THE DATA:
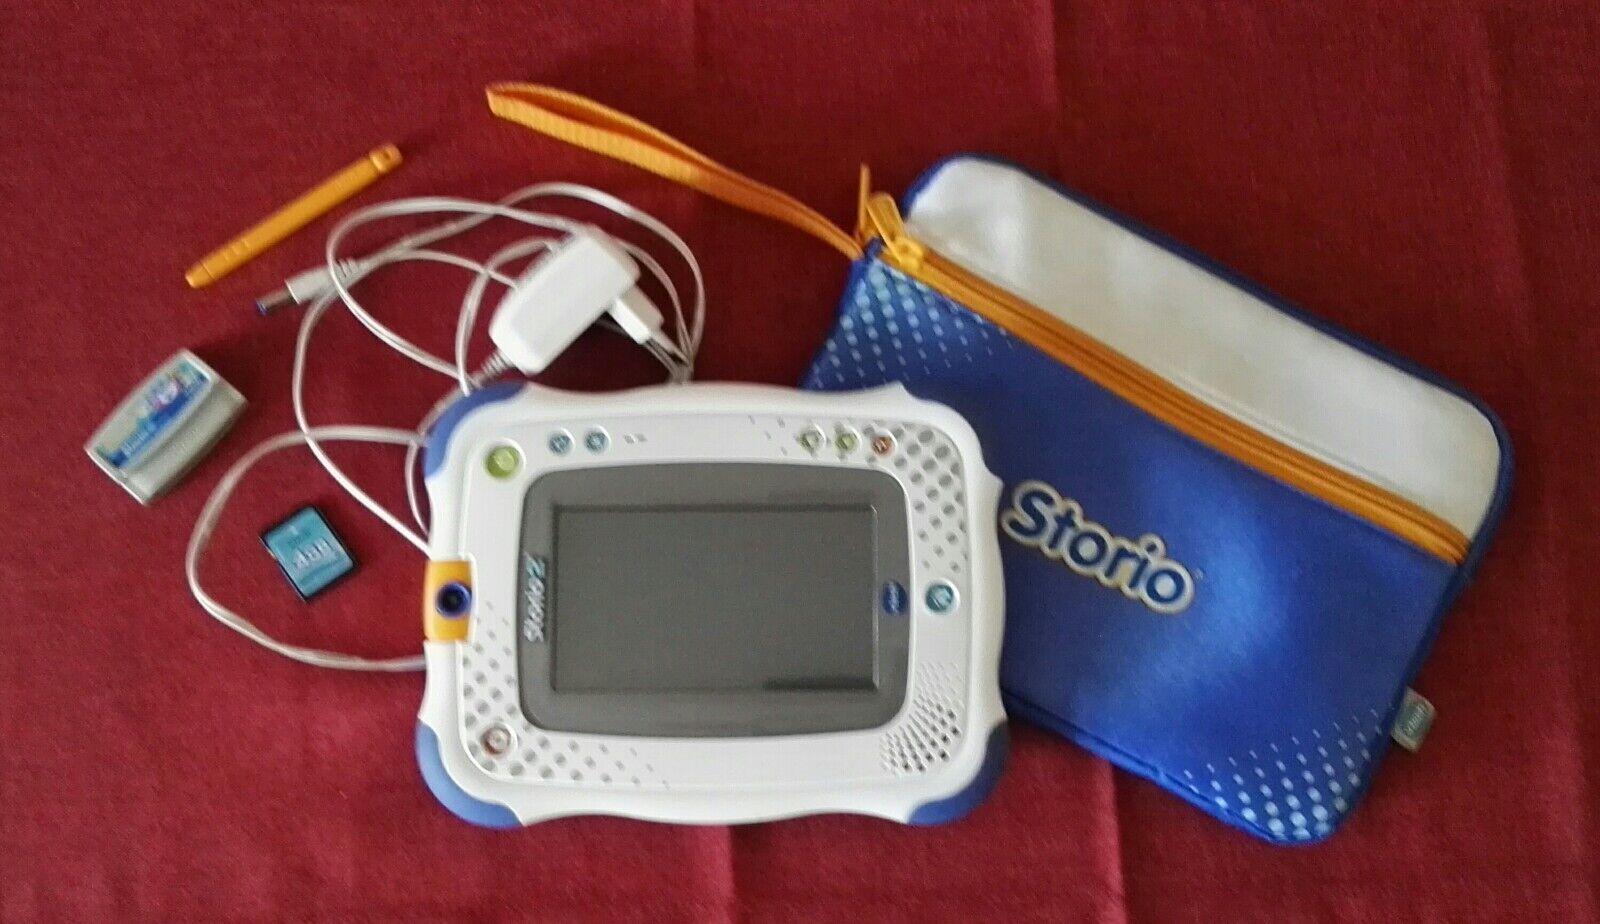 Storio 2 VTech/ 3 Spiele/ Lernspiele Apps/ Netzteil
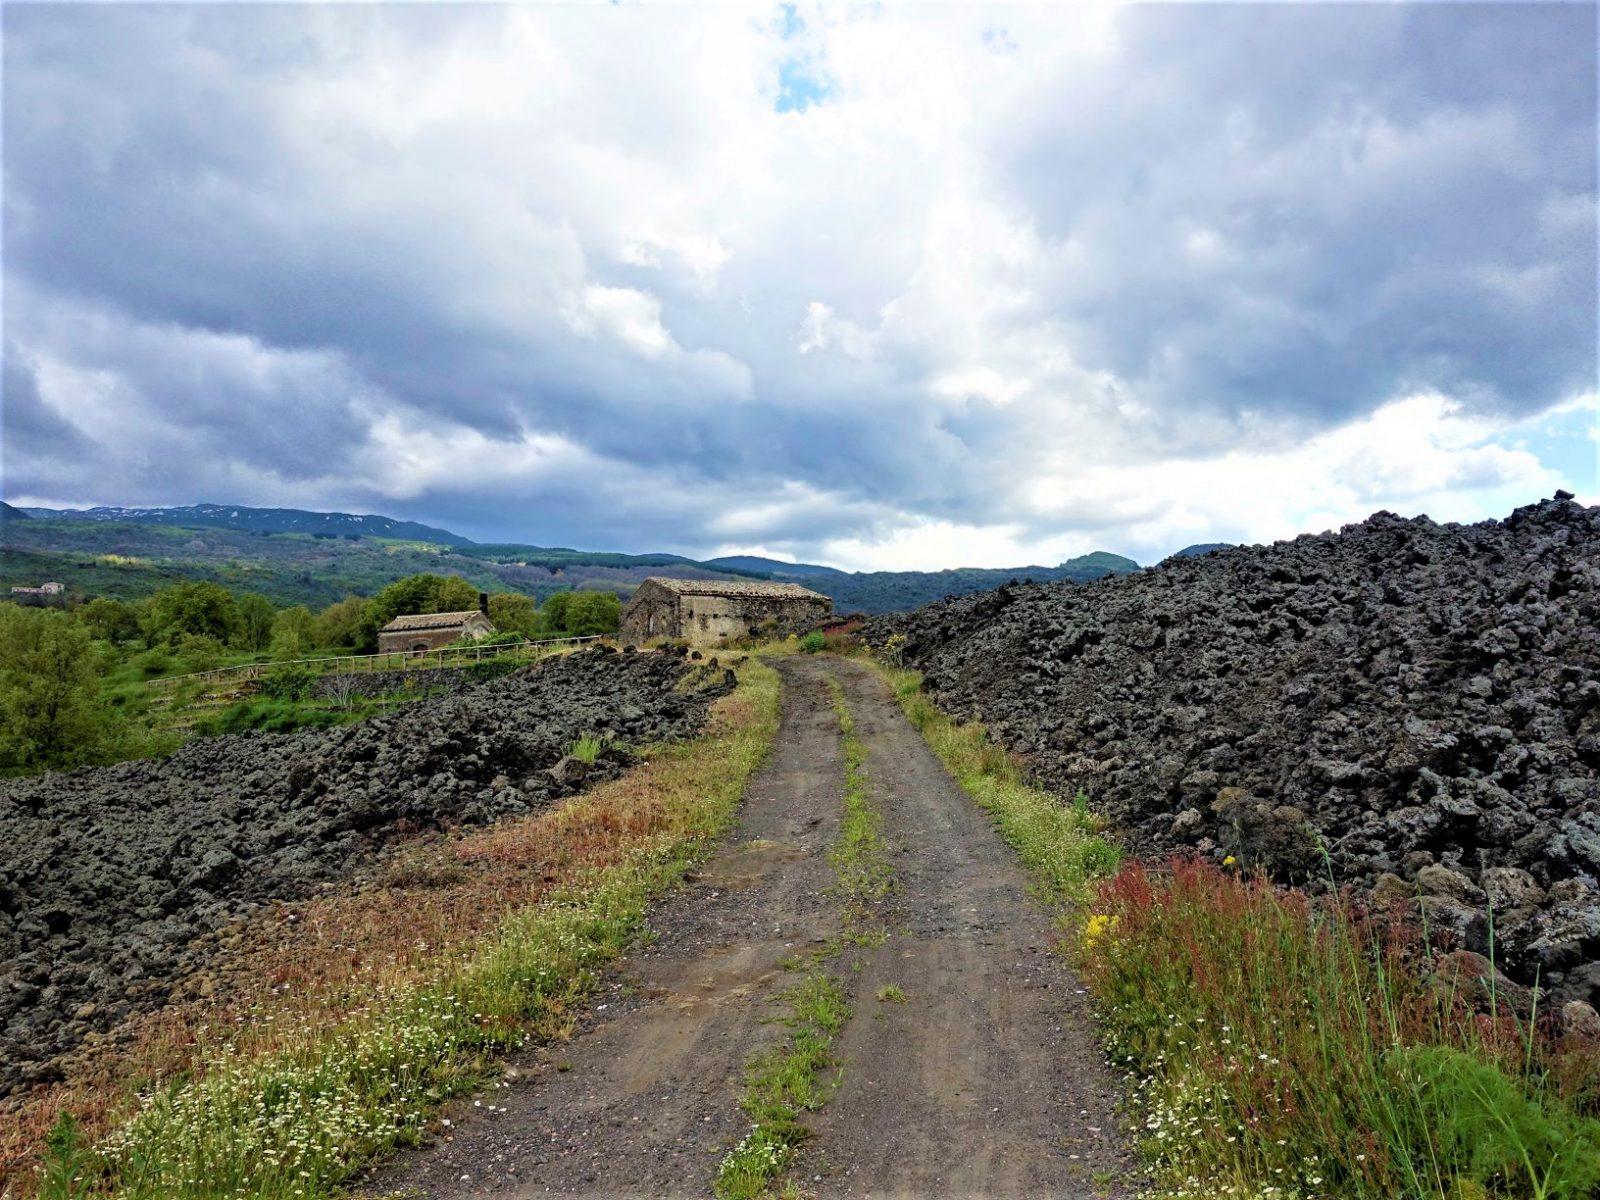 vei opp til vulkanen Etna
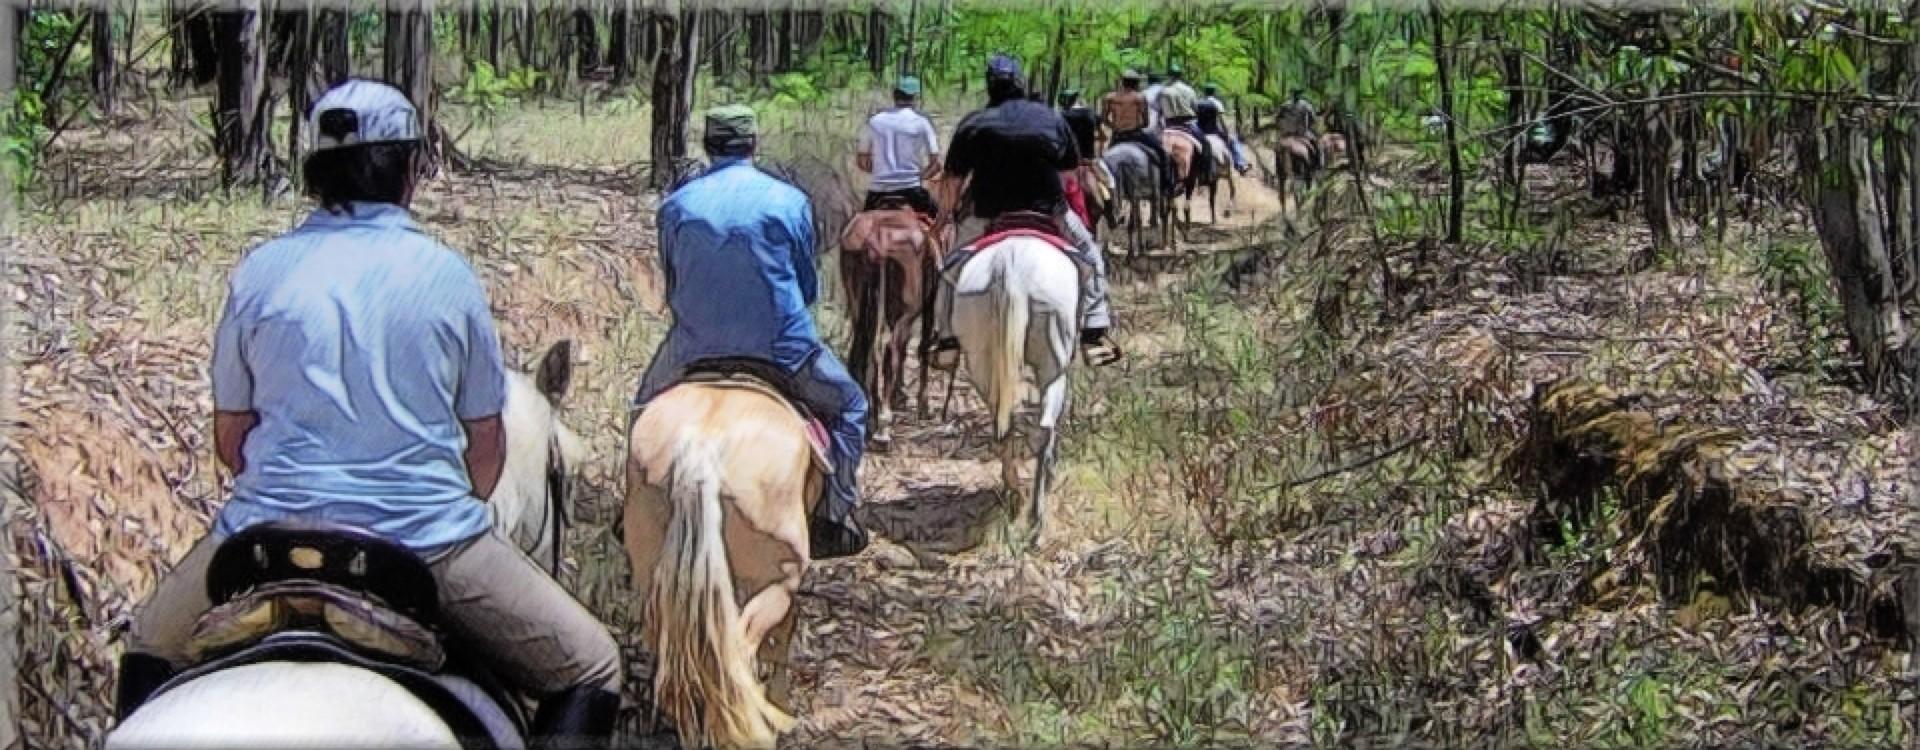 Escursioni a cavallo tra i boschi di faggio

WORK TO BE COMPLETED: Output all of the data above exactly; no pictures should appear.

WORKED SOLUTION:
 Storio 2 VTech/ 3 Spiele/ Lernspiele Apps/ Netzteil
 vei opp til vulkanen Etna
 Escursioni a cavallo tra i boschi di faggio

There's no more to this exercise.